Дальше, притулившись к иллюминатору, скрючился остроносый, с вытянутым вперед лицом человек, житель маленького приморского поселка. Желтоватые лоб и щеки свидетельствовали, что с ним не все ладно. Человек тут же и подтвердил это.
– Николаем меня зовут, – сказал он, обращаясь к Почивалову. – Я в Новосибирске в клинике лежал, теперь домой лечу.
– Ты больной, да? – накинулся на остроносого дядин племянник.
– Не больной, а после операции, – строго поправил Николай. – Операцию мне сделали: шунтирование. Сосуды начали сужаться, а отчего сужаются, черт его знает, ни одна собака не разберет. Даже доктор сказал: видимых причин нет. Откуда бы им, причинам, взяться? Молоко и яйца только свои. Мясо – свое. Картошка, капуста – само собой. Никакой химии сроду не жрем. Я думаю: это все Менделеевы натворили. Спутники запускают, космонавтов. Что они там с атмосферой химичат – нам не говорят, а сосуды сужаются.
– Космонавты на сосуды не влияют, – авторитетно заявил племянник.
– Как это не влияют? А кто тогда влияет? Будь моя воля, я бы из ученых оставил только агрономов и ветеринаров. От остальных, кроме вреда, никакой пользы.
Он расстегнул рубашку. Из-под белой нашлепки пластыря торчала по краям марля и вата. Пластырь был такой обширный, словно за ним скрывалась необъятная рана. Оторви его – и увидишь сердце.
– Ой! – вскрикнул Мирлан, схватившись ладонями за щеки. – Так у тебя еще не зажило! До дома не долетишь.
– Не боись, долечу, – сказал Николай.
– Как тебя выписали?
– Не хотели. – он торжествующе усмехнулся. – Да разве им меня удержать? Когда позарез надо!

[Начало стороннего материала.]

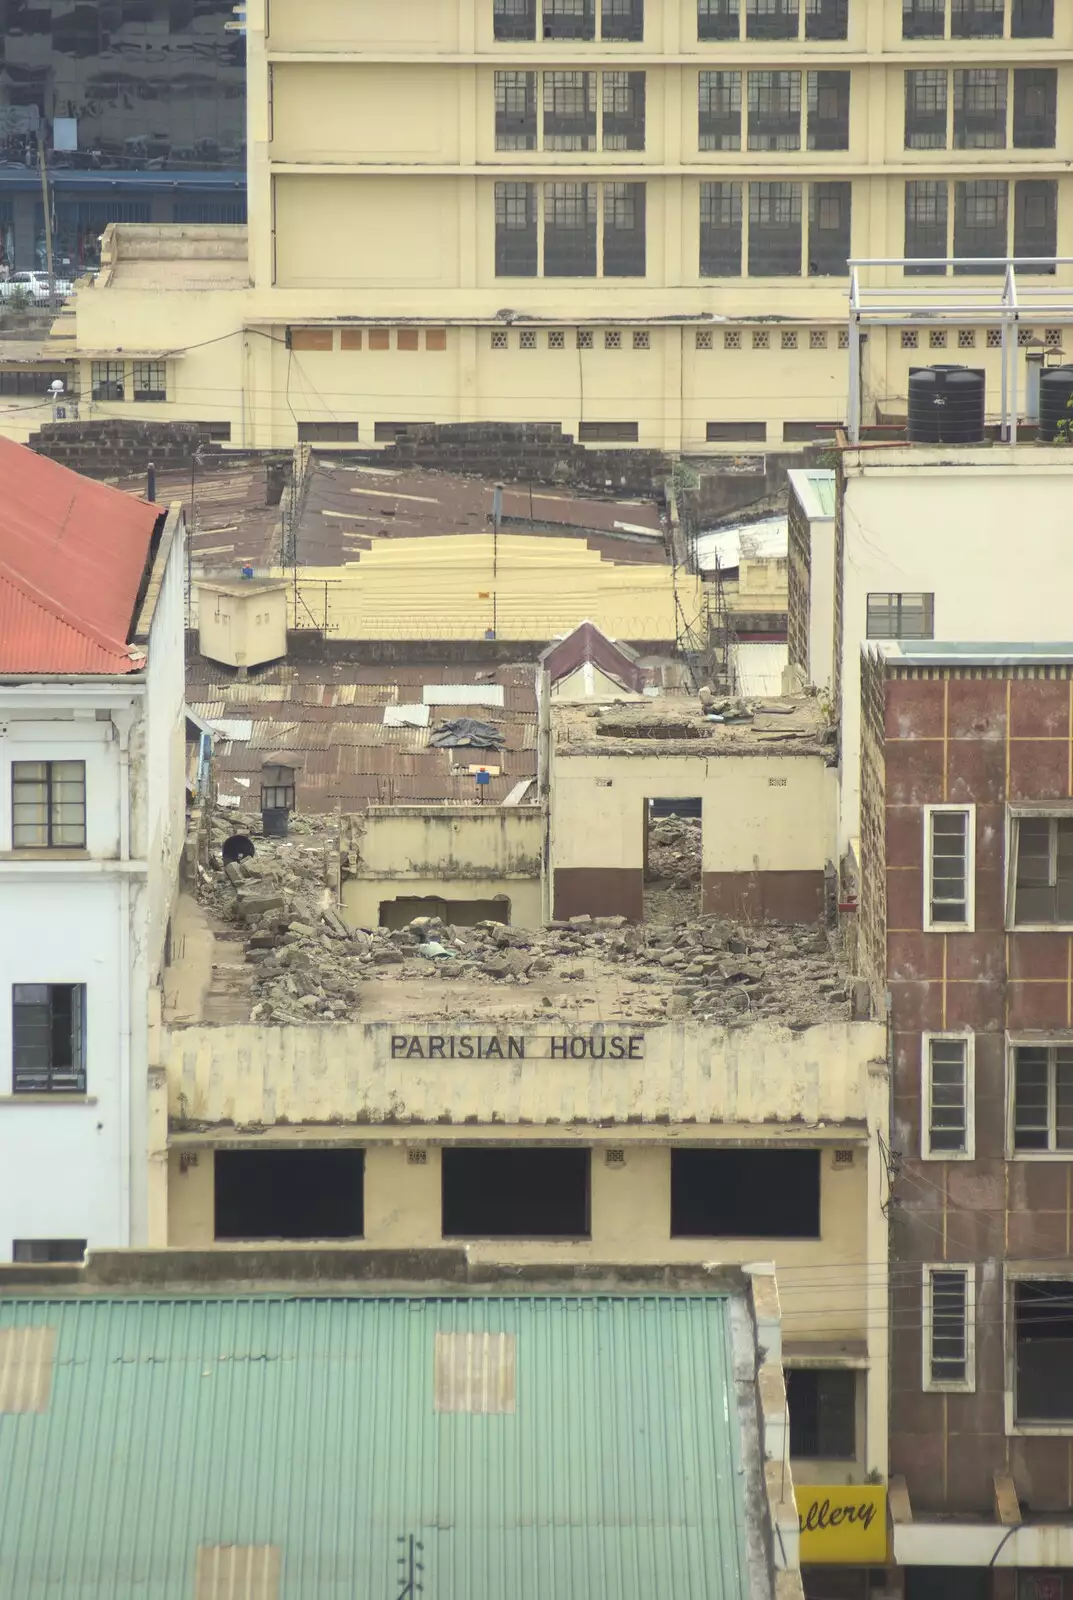 Buildings in various stages of disarray, from Nairobi and the Road to Maasai Mara, Kenya, Africa - 1st November 2010

– Заболел дома кто? – посочувствовал Андрей Васильевич.
– Никто не заболел. У меня в семье все здоровые.
– Тогда что?
– Хочу осмотреть свинью для покупки. Жена звонит: большая свинья и просят недорого! Сейчас хорошую свинью дешево не купишь. Упускать нельзя, надо смотреть.
На это Андрей Васильевич не нашелся что ответить, а племянник сказал:
– У тебя там зашито, да?
– Зашито.
– А если швы разойдутся?
Николай презрительно оттопырил губы, отчего лицо его еще сильнее выдвинулось вперед, затем цыкнул зубом и произнес:
– Не разойдутся! Я фартовый, мне всегда везет.
– Всегда везти не может! – солидно объявил Мирлан. – Мне и то не всегда везет.
– Про тебя – не знаю. А мне везет! – Николай опять обращался к Почивалову. – Из армии пришел, а Танька моя замужем. Ничего, отбил. К себе привел, сказал: тут теперь твое место. Только начали жить – хоромы мои сгорели. Начисто! Гроза была, молния в крышу ударила. Полыхнуло так, что остались одни головешки. И двор, и стайка – в один момент прахом. Трех овечек успел на улицу вытолкать, да сами выскочили в чем были. Танька в слезы: ох, ах! Я говорю: не боись, дура, все будет тип-топ. Еще лучше построю. И сам, от начала до конца, дом поднимал. Как хотел, так и сделал. Теперь все у меня есть.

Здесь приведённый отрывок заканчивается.